Unnamed: 0,User,IPad,Smart_TV,Xbox_One,5.1_Speakers,Smartphones
0,User1,5.0,4.0,,3.0,1.0
1,User2,3.0,,2.0,,5.0
2,User3,,2.0,4.0,,3.0
3,User4,1.0,,5.0,4.0,
4,User5,,5.0,3.0,2.0,


#### Converting to long format dataframe:

In [51]:
df_long = df.melt(id_vars='User', value_vars=df[0:4], value_name='Rating')

#Rename column to 'item'
df_long.rename(columns={'variable': 'item'}, inplace=True)

#To preview:
df_long.head(2)

Unnamed: 0,User,item,Rating
0,User1,IPad,5.0
1,User2,IPad,3.0


#### Filter out the unknown values:

In [52]:
df_unkowns = df_long[df_long['Rating'].isna()]

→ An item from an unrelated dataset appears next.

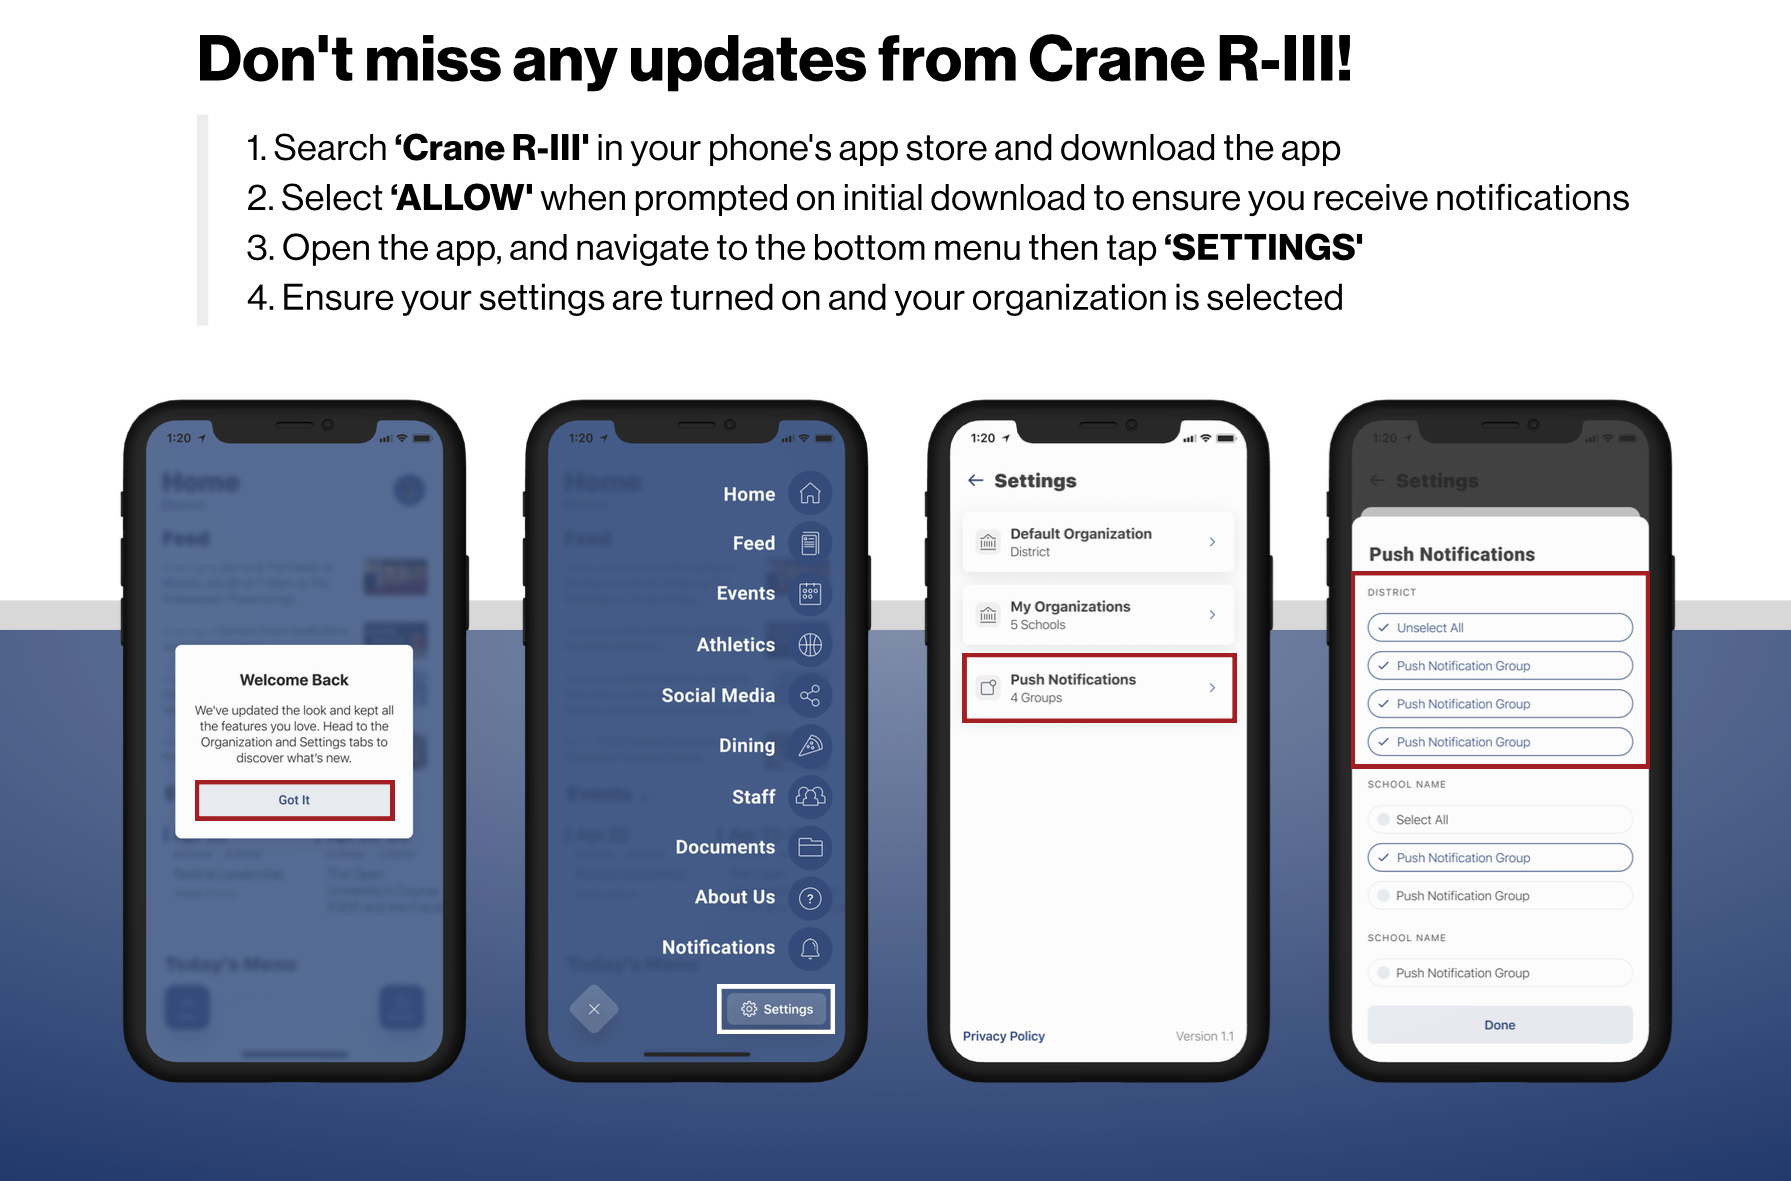 Don't miss any updates from Crane R-III!

#Separate the dataset to train split:
df_train_test = df_long.dropna()

#Due to low sample size, use 70/30 split for train test split:
df_train, df_test = train_test_split(df_train_test, test_size=0.3, random_state=41)

#### Calculating the raw mean for both training and test set data:

In [53]:
raw_train_mean = df_train['Rating'].mean()
raw_test_mean = df_test['Rating'].mean()
print(f'Raw train mean: {raw_train_mean:.3f}\nRaw test mean: {raw_test_mean:.3f}')

Raw train mean: 3.455
Raw test mean: 2.800


#### Calculate the RMSE for both Test and Training set:

In [54]:
#Insert the raw_mean values to the training and test dataset for easier computation:
df_train['raw_mean'] = raw_train_mean
df_test['raw_mean'] = raw_test_mean

#Compute the RMSE for both training and test dataset:
rmse_train = np.sqrt(mean_squared_error(df_train['Rating'], df_train['raw_mean']))
rmse_test = np.sqrt(mean_squared_error(df_test['Rating'], df_test['raw_mean']))
print(f'RMSE train: {rmse_train:.3f}\nRMSE test: {rmse_test:.3f}')

RMSE train: 1.499
RMSE test: 0.748


The RMSE for the test set is lower than the training set because of how the data is randomly splitted and how small the dataset is.
The RMSE for the test set will become larger than the training set if the random_state is set to 42 or if the dataset is larger. With a smaller dataset such as this made-up dataset, it is not surprising to see the RMSE behave this way.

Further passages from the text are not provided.